Образ последнего солдата цивилизации, воюющего на далёком континенте за демократию, вызывал симпатию у многих в Европе и в США. И это позволяло Хану нормально выстраивать свой бизнес.

Наёмники были главной ударной силой в этой войне. Африканцы нуждались в их поддержке, ибо не имели собственных лётчиков. Организовав так называемую «крейзи-компанию», Хан начал вербовать нужные кадры по всему миру. Формально его фирма занималась наймом персонала для охраны объектов нефтепромысла и газопроводов на Ближнем Востоке и Северной Африке. Но на самом деле бывший гитлеровский ас поставлял платёжеспособным заказчикам первоклассных лётчиков и авиатехников не столько для охраны и проведения ограниченных полицейских операций, сколько для полноценной войны. Это было самым выгодным делом. Ведь даже в беднейших регионах мира заказчики были готовы неплохо оплачивать труд квалифицированных наёмников. Лётчики по понятным причинам были в особой цене. Неудивительно, что некоторые офицеры-отставники охотно отправлялись за тридевять земель на заработки. Не все они могли устроиться у себя дома в солидную авиакомпанию, занять место личного пилота какого-нибудь миллиардера или сесть за штурвал полицейского вертолёта. Конечно, получая солидную пенсию, можно было не думать о хлебе насущном и о том, на что ты будешь завтра заправлять свой «мустанг». Но какой же пресной была жизнь на гражданке! Неудивительно, что Хан регулярно, хотя и не слишком часто, получал просьбы о трудоустройстве.

Правда, для тех, кто выбирал такую работу, высокие гонорары были сопряжены с огромным риском. Особенно это относилось к Чёрному континенту. Африканский авиационный рынок труда всегда имел у профессионалов репутацию дикого. Поэтому многих квалифицированных специалистов сюда было не заманить никакими пряниками. Хан встречал лётчиков, которые прямо говорили ему, что лучше они будут стричь газон в гольф-клубе в Майами или мыть грязную посуду в третьесортном китайском ресторанчике в Сан-Франциско, чем за полторы тысячи долларов в месяц летать в качестве приманки для партизан над джунглями на технике, которая уже дюжину раз выработала отпущенный ей ресурс.

Только самые отчаянные авиационные легионеры, как правило, с большим военным опытом, не обращая внимания на предупреждения своих дипломатов и слёзные уговоры жён, жёлтую лихорадку и вездесущую малярию, соглашались летать на допотопной технике, наземное обслуживание которой производилось на самом примитивном уровне.

Особенно рисковали те, кто подписывал контракт с так называемыми «Сумасшедшими операторами» — Crasyops.
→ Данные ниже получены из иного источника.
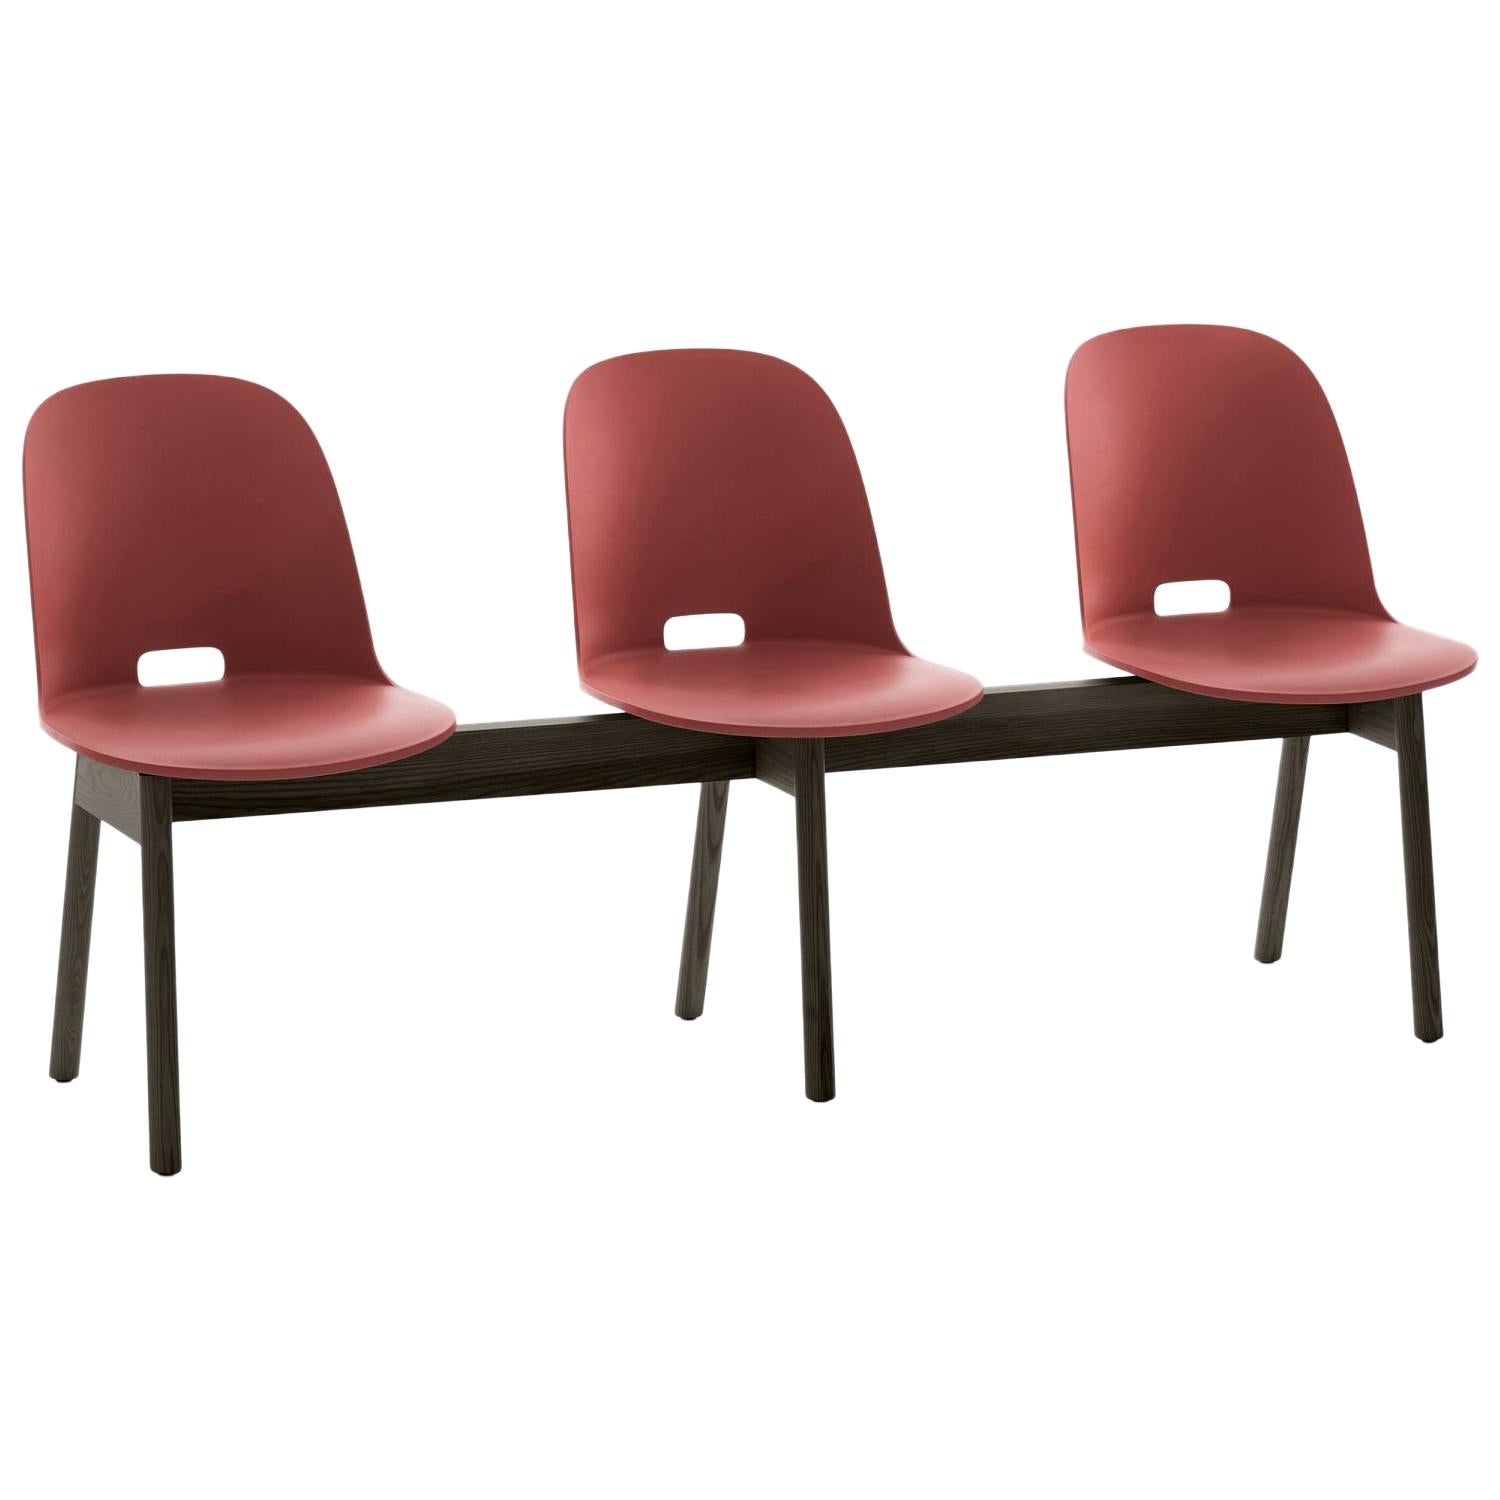 Emeco Alfi 3-Seat Bench in Red and Dark Ash with High Back by Jasper Morrison For Sale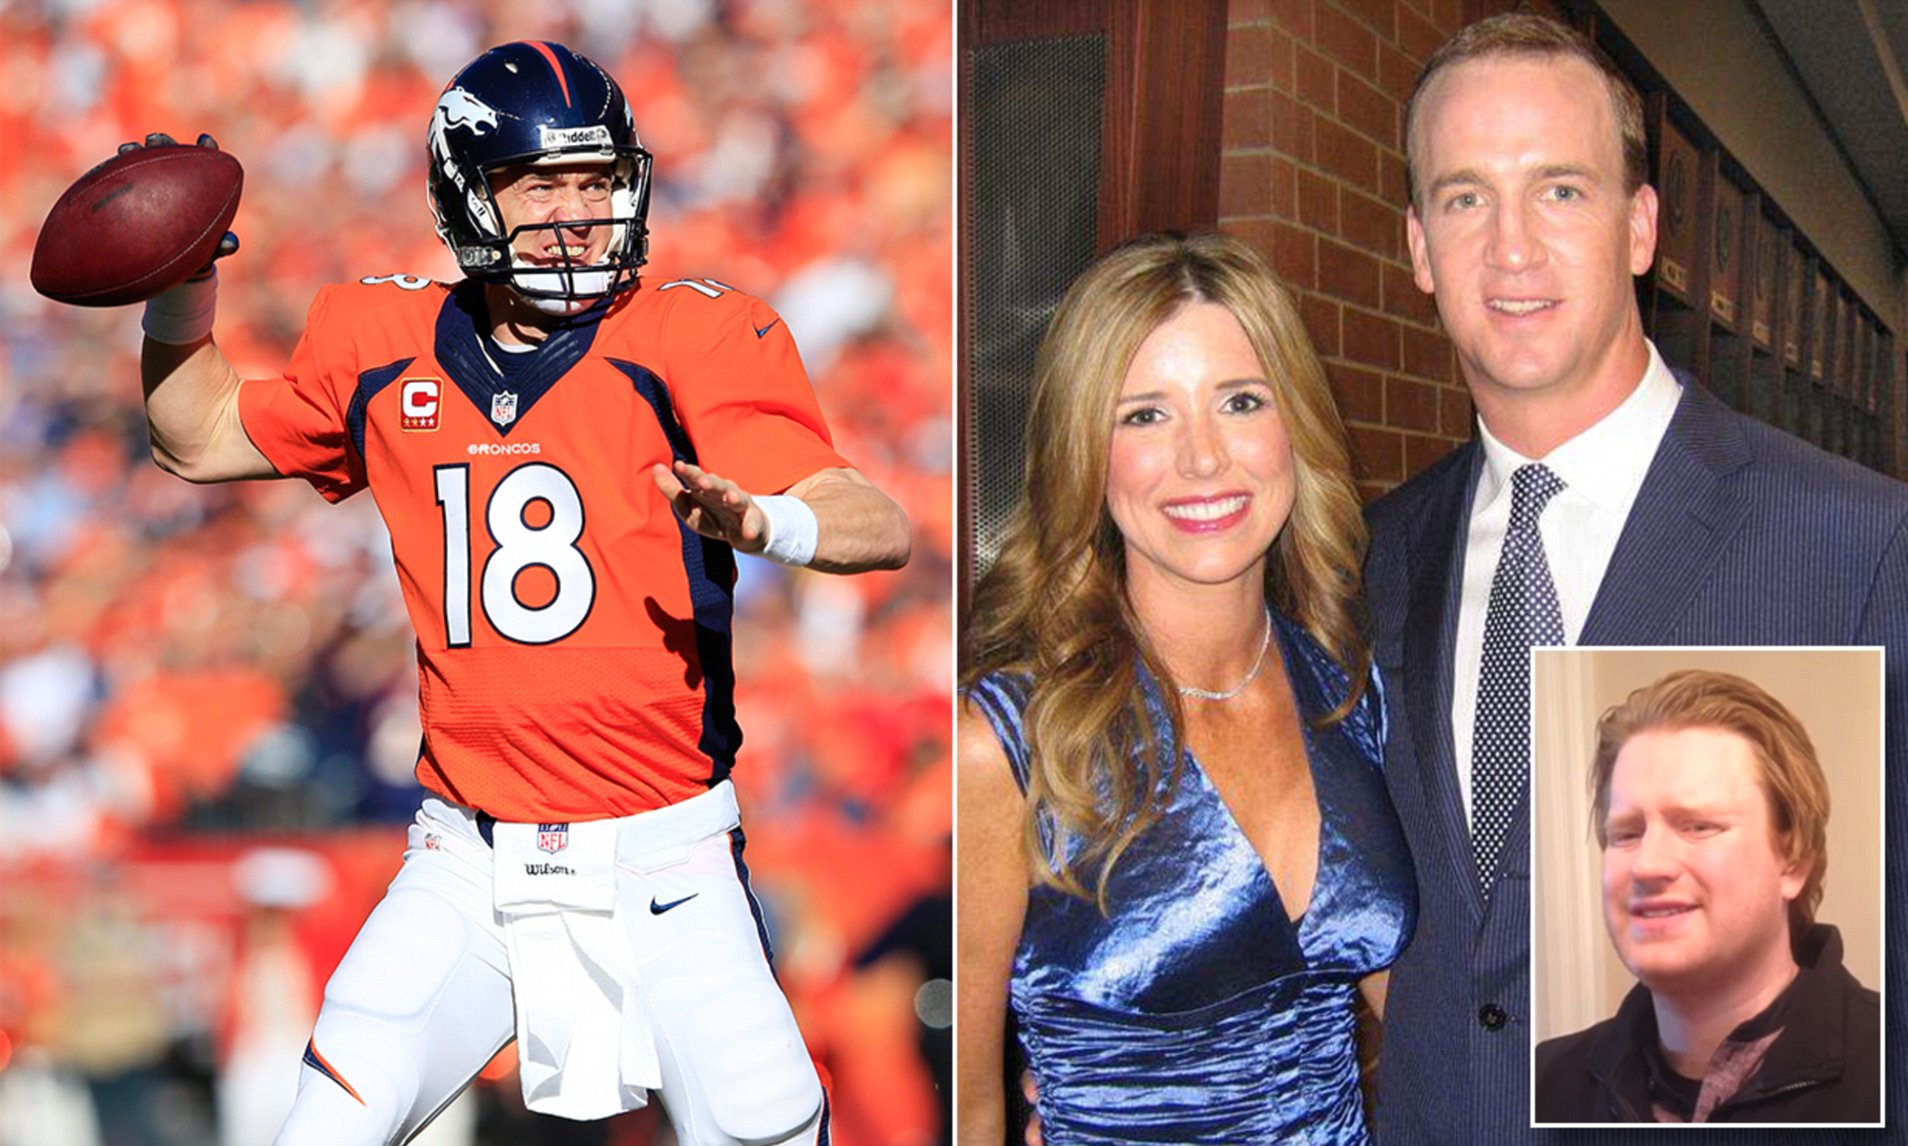 How many NFL MVP awards did Peyton Manning win?

Это были небольшие структуры с крохотным бюджетом и крайне агрессивным настроем любой ценой зацепиться за уже почти поделённый более крупными игроками рынок. Такие компании промышляли везде, где пахло кровью и долларами. Пилоты нужны были владельцам Crasyops лишь до тех пор, пока они были способны приносить им прибыль в кабине самолёта или вертолёта. Обычно в типовых контрактах, которые предлагались потенциальным наёмникам, не были прописаны компенсации, например, в случае их гибели или получения тяжёлого увечья при выполнении профессиональных обязанностей. Судьба сбитых, пропавших без вести или покалечившихся лётчиков в этом бизнесе мало кого волновала.

Именно с открытия такой «шарашкиной конторы» Хан начинал свой бизнес. Впрочем, как бывший лётчик, он старался не бросать своих парней на произвол судьбы. Даже когда бизнес ещё не набрал обороты и денег было мало, Хан из собственного кармана оплачивал медицинскую страховку тем, кого собирался отправить в опасную командировку. Но зато благодаря наработанной репутации порядочного и удачливого командира к нему на службу шли охотнее, чем к другим авиабаронам. Макс даже мог себе позволить выбирать. Основные требования к кандидатам у него были достаточно жёсткие — не менее 1500 часов налёта, как минимум один срок службы в боевом подразделении и лётные навыки выше средних. Молодые неопытные авантюристы и середнячки ему были не нужны. Хотя, конечно, порой возникали ситуации, когда требовалось срочно набрать дополнительный персонал. В таких случаях Максу приходилось снижать свои требования…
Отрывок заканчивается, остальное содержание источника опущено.